Piezoactuators in space instrumentation Space borne instrumentation is necessary for observing distant universe objects and monitoring the environment on Earth. The development of larger instruments that are able to achieve higher resolution at the diffraction limit is driven by the demand for imaging of a higher quality. In order to meet this demand, observatories with comparable stowed volumes must be larger and more capable. Using segmented aperture telescopes, which necessitate the precise positioning of their optical elements in relation to one another, is one method for achieving this. Other times, instruments without segmented apertures may also need their focal plane assembly or other intermediate optical path elements to be activated. Deformable mirrors and fast steering mirrors are two examples of these latter components [1].
In order to meet misalignment requirements, advanced future space observatories will incorporate numerous active optical elements whose actuation must be extremely precise. In the past, the stepper motor in conjunction with a reduction gearbox and flexure amplifier was the technology of choice for instruments like the James Webb Space Telescope (JWST). Pre-stressed piezoelectric actuators may power some of these actuation stages in current and future instruments due to their simpler mechanical properties, high stiffness, rapid response, and high repeatability. These materials warm up due to losses that occur when they convert electrical power into motion during repetitive operation—a phenomenon known as self-heating. From a control perspective, piezoelectric actuators have complex behaviour that is characterized by strong field-polarization hysteresis. Additionally, creep and saturation can occur in piezoelectric materials. All things considered, piezoelectric actuators are fit for arriving at goals in the request for one nanometre, gave exact control can be planned. The drive and control of these actuators can be achieved using a variety of methods, as described in the literature [2].

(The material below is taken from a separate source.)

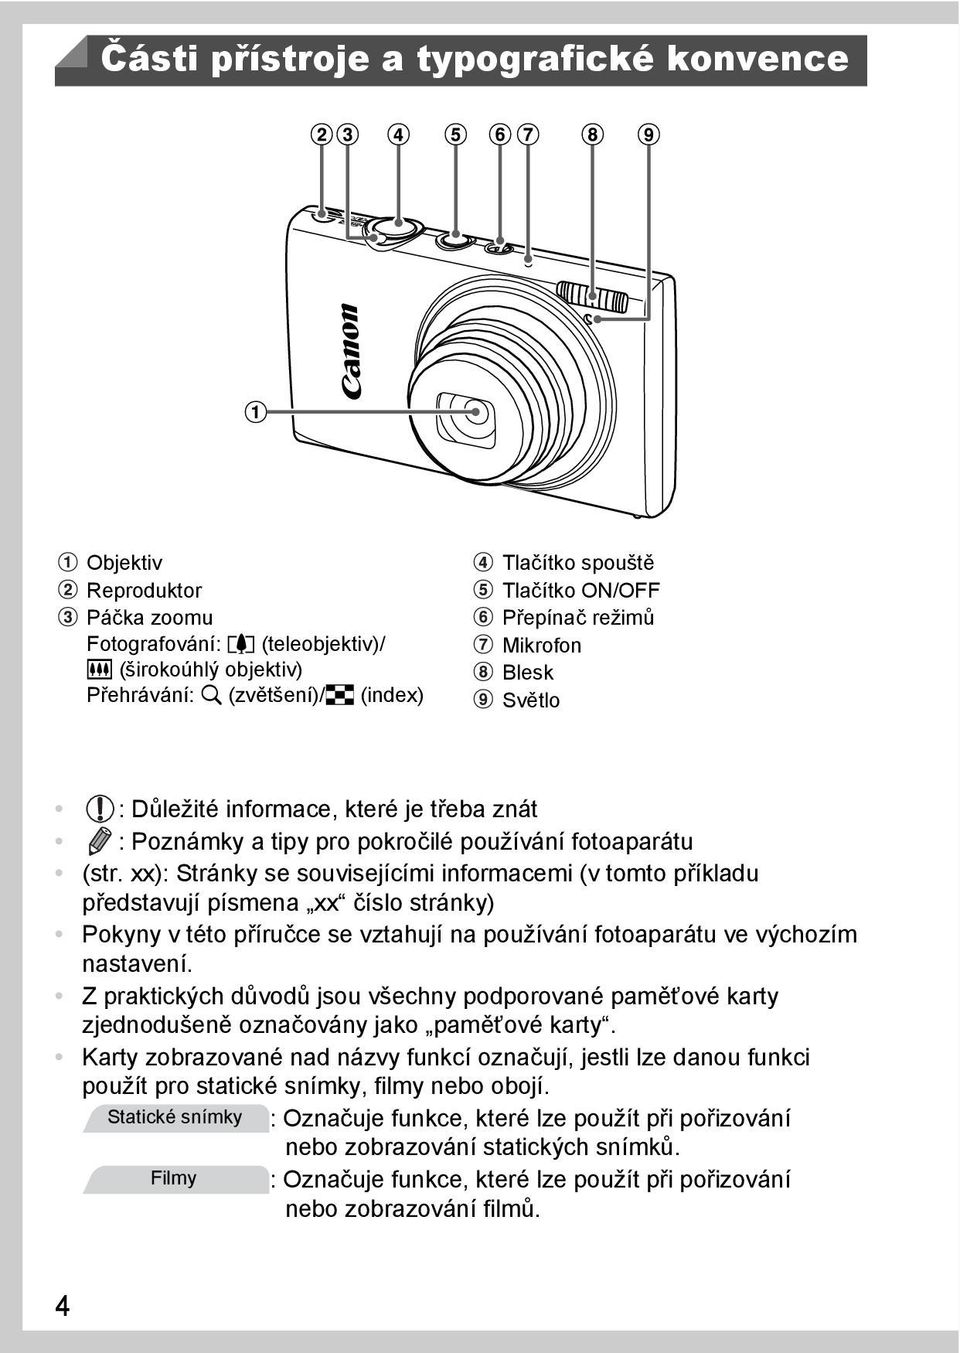 xx): Stránky se souvisejícími informacemi (v tomto příkladu představují písmena xx číslo stránky) Pokyny v této příručce se vztahují na používání fotoaparátu ve výchozím nastavení.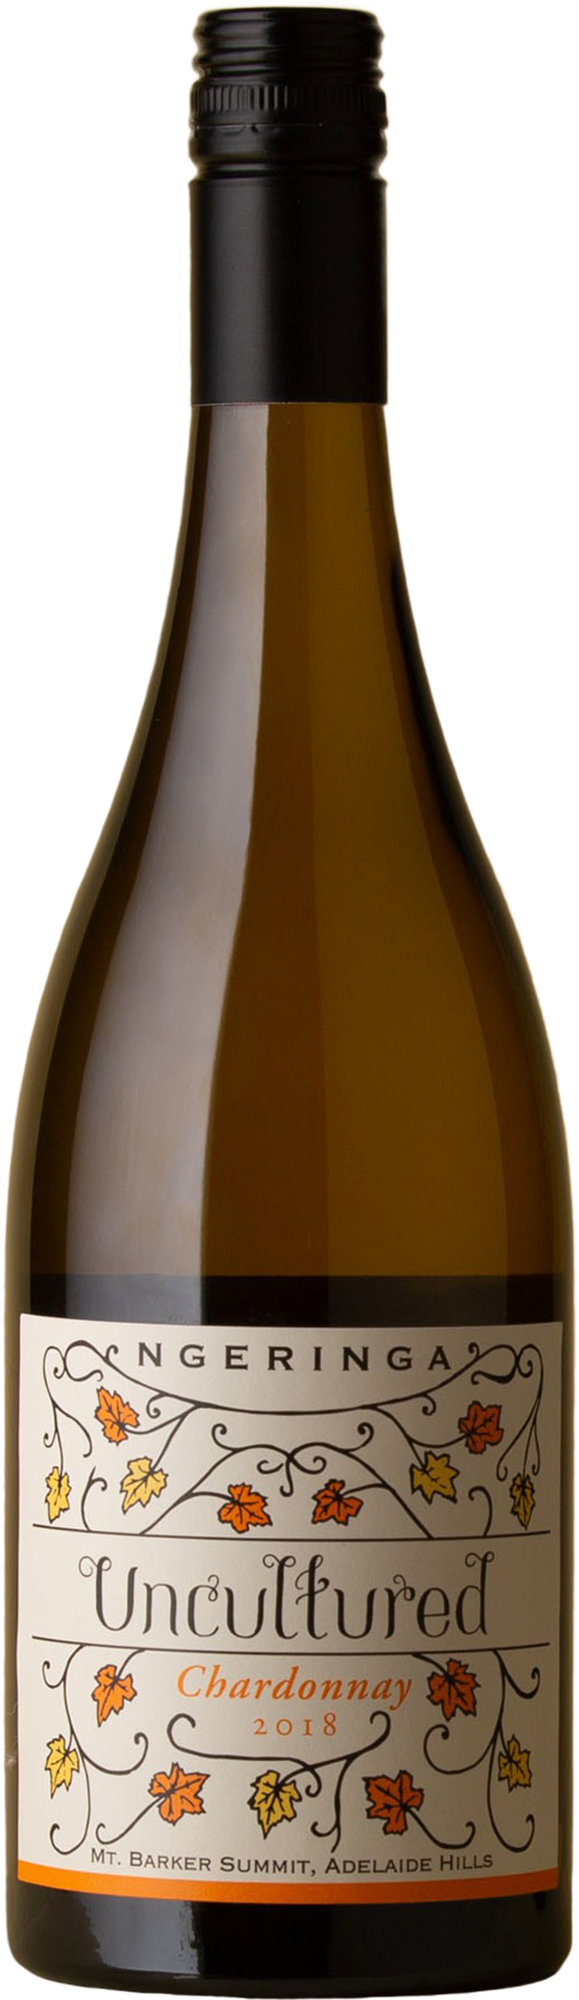 Ngeringa - Uncultured Chardonnay 2018 White Wine

There are two types of piezoelectric ceramics: soft and hard. The piezoelectric constants of hard piezoelectric materials are typically smaller. They are used in applications that require high frequencies and small displacements. Ultrasonic transducers are typical instances. Larger strokes are produced by the larger piezoelectric constants of soft piezoelectric materials. When it comes to actuators that operate at lower frequencies, this is advantageous. Since the application is a precision actuator, the latter kind of material is interesting for this study. Additionally, piezoelectric actuators can be embedded in a wide range of motion amplifiers and can operate in either linear or bending modes. Linear-mode actuators made of piezoceramics are the primary focus of this paper. Compared to stepping bending mode actuators, these actuators have a smaller range of motion but much higher stiffness and blocked force. A frame is used to pre-stress the linear actuators used in applications requiring high precision. This prevents stick-slip behavior at the mechanism-actuator interface and provides a standard interface [3].
Self-warming of piezoactuators might be a test both in optical and thermomechanical terms. Thermal infrared (TIR) instrument measurements may be disrupted by additional heat even before the actuator experiences complete thermal failure. Due to thermal expansion of the actuator or its surroundings, heat leakage from the actuator may result in misalignment. Due to the increased current draw at high temperatures, self-heating has also been identified as a potential cause of runaway thermal failure. Additionally, self-heating alters the actuators' electrical properties, which are temperature-sensitive and require compensation. It is possible to design materials with high thermal stability, but removing the temperature dependence is difficult. Weaver and co. reviewed a number of approaches to the characterization of piezoelectric parameters in materials subjected to high temperature. To compensate for actuator capacitance's temperature dependence, it has been suggested to measure temperature as a control parameter. In piezoelectric sensors, adhesive bonding failure has been linked to thermal cycling, which can be caused by self-heating. To qualify the system and construct a reliable thermal model of the mechanism, tests addressing this phenomenon are essential [4].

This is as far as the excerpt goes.